Generating License Keys in 2019 - mherrmann
https://build-system.fman.io/generating-license-keys
======
kstenerud
You don't have to make keys difficult to type. Just generate an rsa blob of
whatever data you want and then pass it through a binary-to-text converter
designed to avoid confusing characters, like
[https://github.com/kstenerud/safe-
encoding/blob/master/safe3...](https://github.com/kstenerud/safe-
encoding/blob/master/safe32-specification.md)

Then you don't leak information because it's all layered, encoded BEFORE you
generate the human inputtable text, and can contain any information you want.

------
IloveHN84
Some issues here:

1\. RSA nowadays is a poor choice, better Elliptic Curve algorithms.

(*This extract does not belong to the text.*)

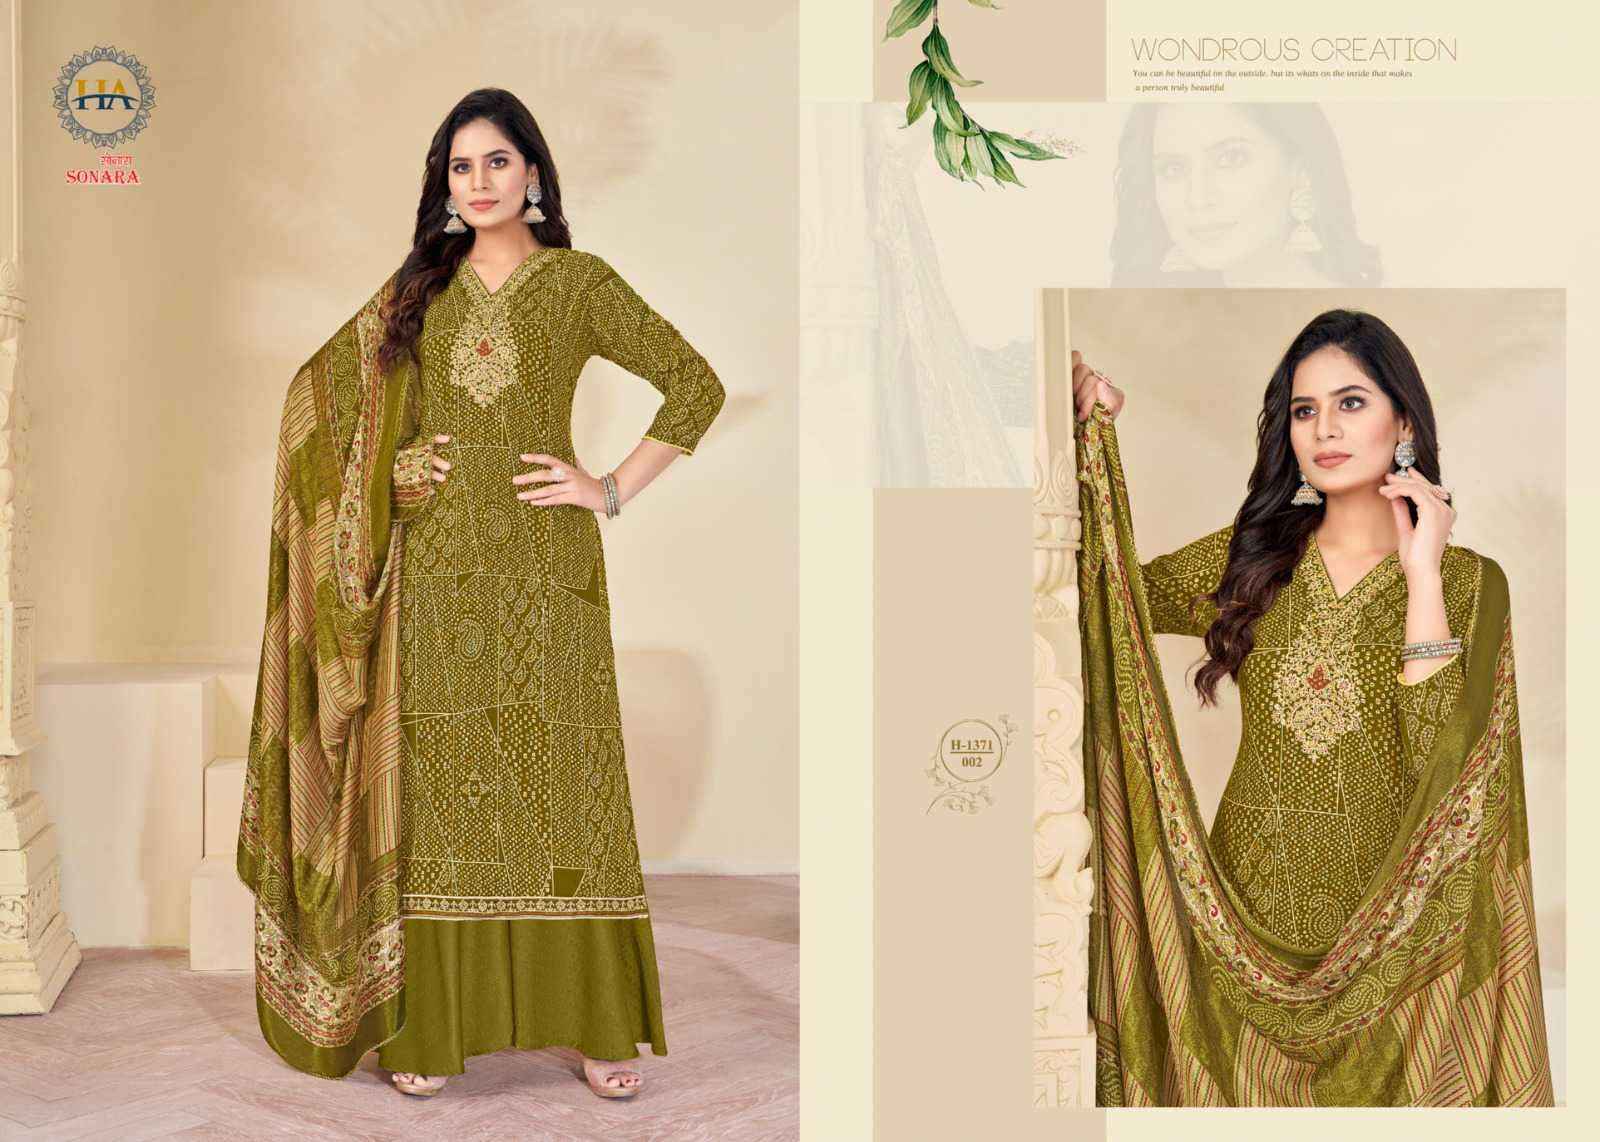 Harshit Fashion Sonara Viscose Dress Material 8 pcs Catalogue
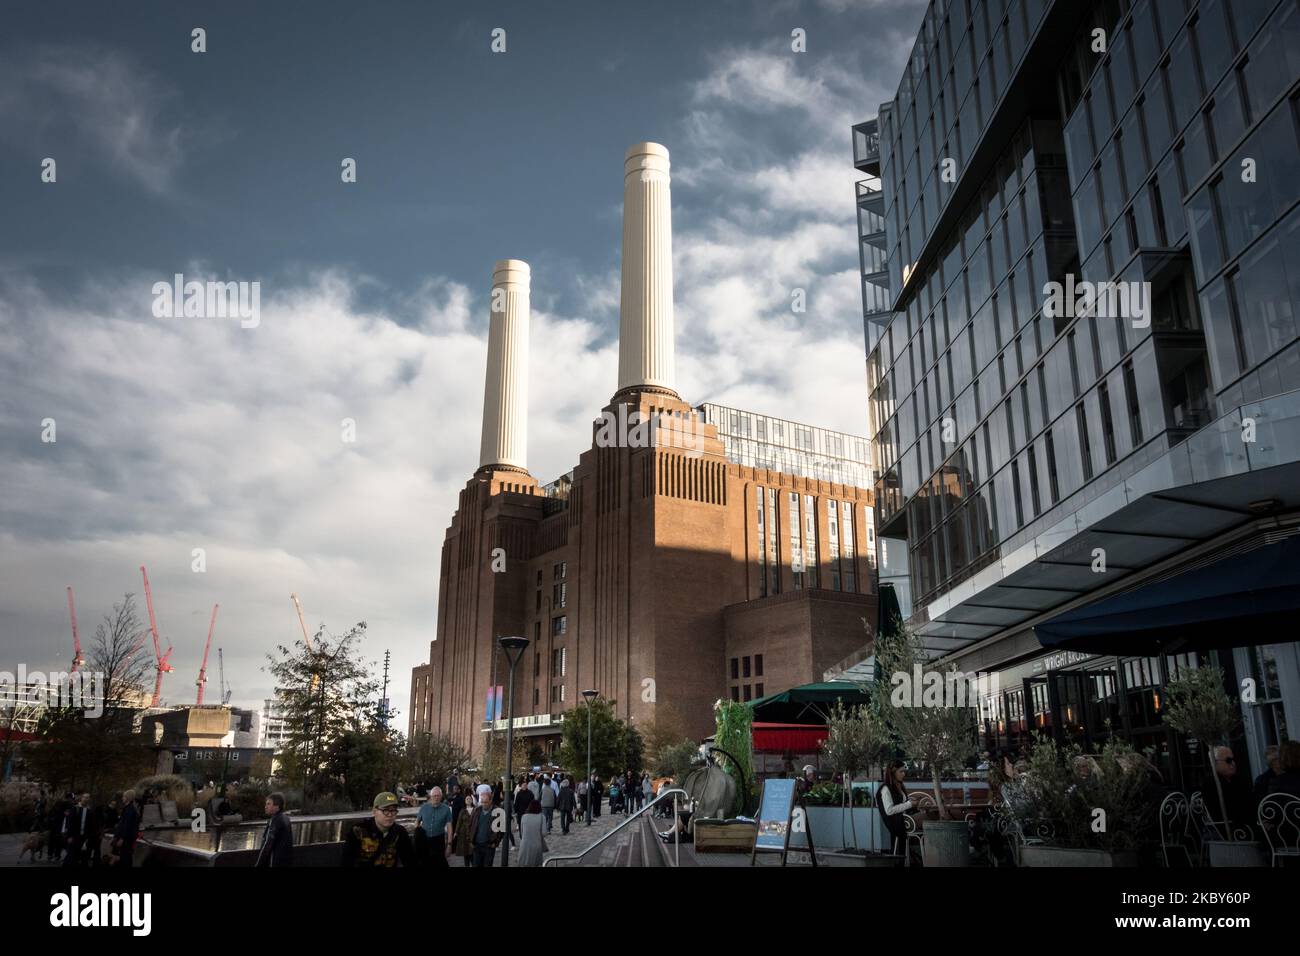 Les cheminées de la nouvelle station électrique Battersea Power Station, Nine Elms, Vauxhall, Londres, Angleterre, ROYAUME-UNI Banque D'Images

2\. Keeping in code some blocks like "isLicenseValid()" is a faster help for
reverse engineering attacks, because the crackers can simply skip that code
block and you're done.

3\. Security might be improved by obfuscating + applying signature
verification (performed online, not offline on client) + avoiding storing any
relevant status about license verification/key on the system registry or
drive. Do these steps on the fly, always. In conditions of poor networking,
check if you've some evidence of previously working sessions (e.g. saved
files, last used ones from your app, personal settings). If not, throw an
error

------
meta_AU
Shorter and more secure alternative with elliptic curve zero-knowledge proof -
for example with a 160bit curve you could have a 240bit (30 byte) licence key
comprised of a 160bit field element and an 80bit hash.